En plena pandemia, encerrado en una casa con vistas al paseo del río, decidió volver a su pueblo con la mente ya más viajada, con la sensación de que ahora era el momento. Y además de trabajar en la sidrería ahí dibujó en su cabeza La Antoxana. Era la propia película que él soñaba hecha realidad. “En plena pandemia, la gente necesitaba salir, tener un sitio agradable, al aire libre, volver a escuchar música en directo, cantar…” Y así, este chaval que por aquel entonces tenía 23 años abrió su propio negocio, un 8 de abril de 2021.
Raúl con sus pitas
Ahora, desde Cueto, donde tiene pitas, patos y su yegua Chispa y “voy a comprar oveyas”, mira hacía la vega del Cubia y con 27 años y los billetes a Nueva York ya sacados, analiza la vida hasta aquí. “De mis güelos aprendí que el pueblo es algo que llevas siempre contigo y que te abre la posibilidad de aprender y disfrutar más de lo que tienes fuera, pero al final siempre hay algo que te hace volver al lugar de donde saliste. Sales, aprendes y regresas”.

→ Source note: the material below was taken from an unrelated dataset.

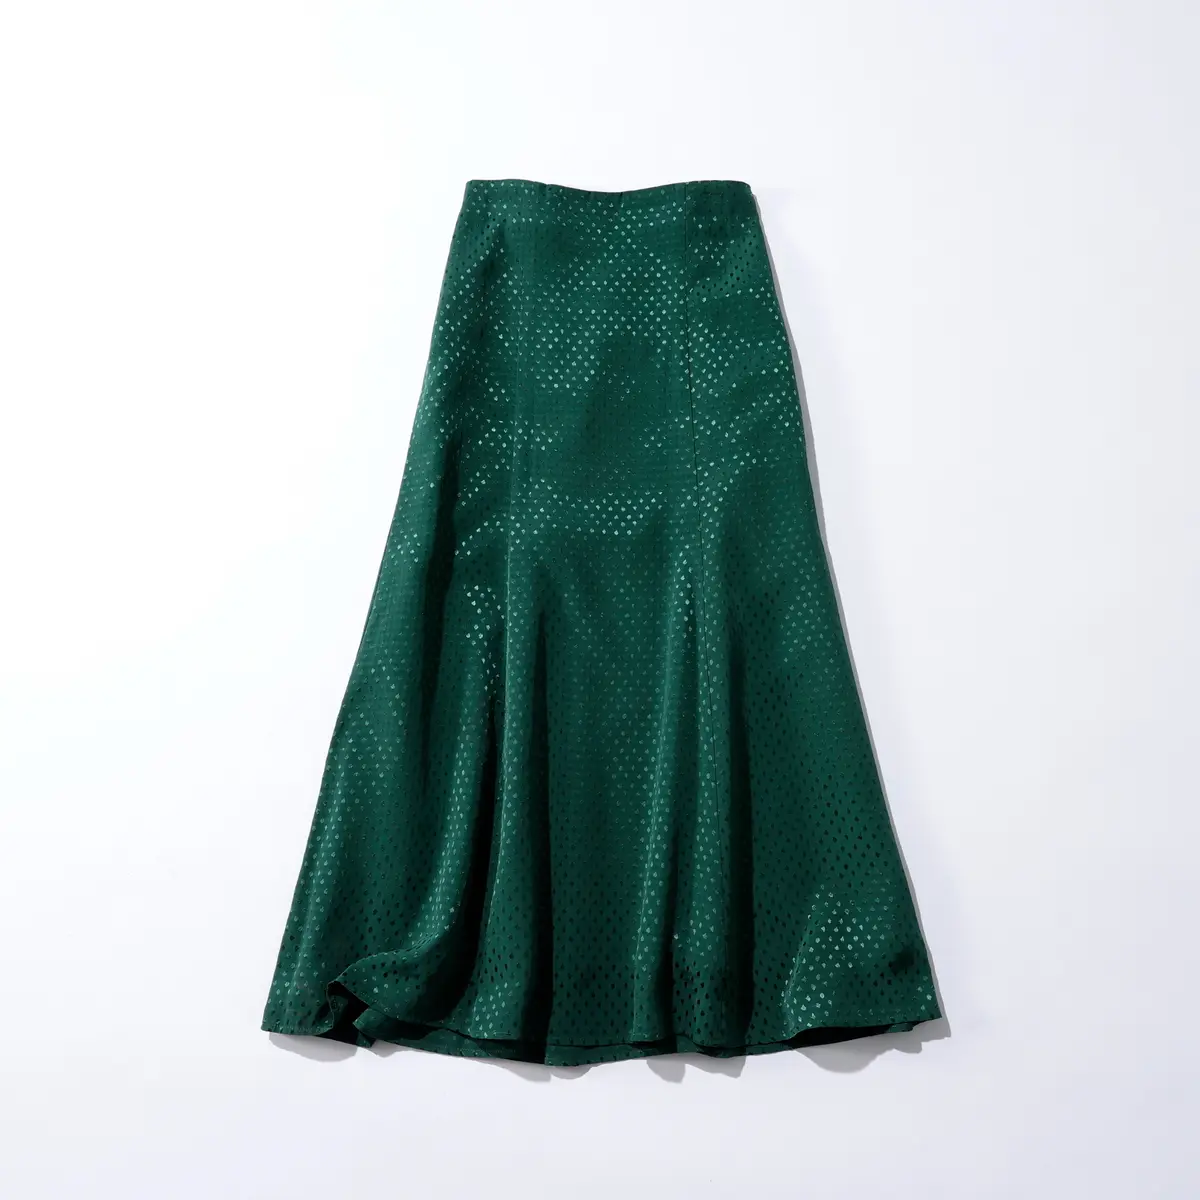 『ナノ・ユニバース』のグリーンドット柄スカート

El viaje de Raúl a Madrid quizás fue tan importante como el que sus güelos hicieron desde Somiedo a Grau. Raúl quería una vida en movimiento desde que aprendió las tablas de multiplicar dando brincos por la vega del Cubia. En realidad, nunca estuvo quieto. Cuando vuelva de Nueva York volverá a madrugar para dar de comer a sus pitas y arrancar la temporada en La Antoxana. “Yo soy vaqueiro de alzada, productor de cine y chigrero”, matiza.
De todas las películas que pudo producir se queda con la suya propia, entre pitas y culinos de sidra, con el oxígeno de su antoxana particular, donde la vida del pueblo y los sueños tiene cabida… como en una película. La suya.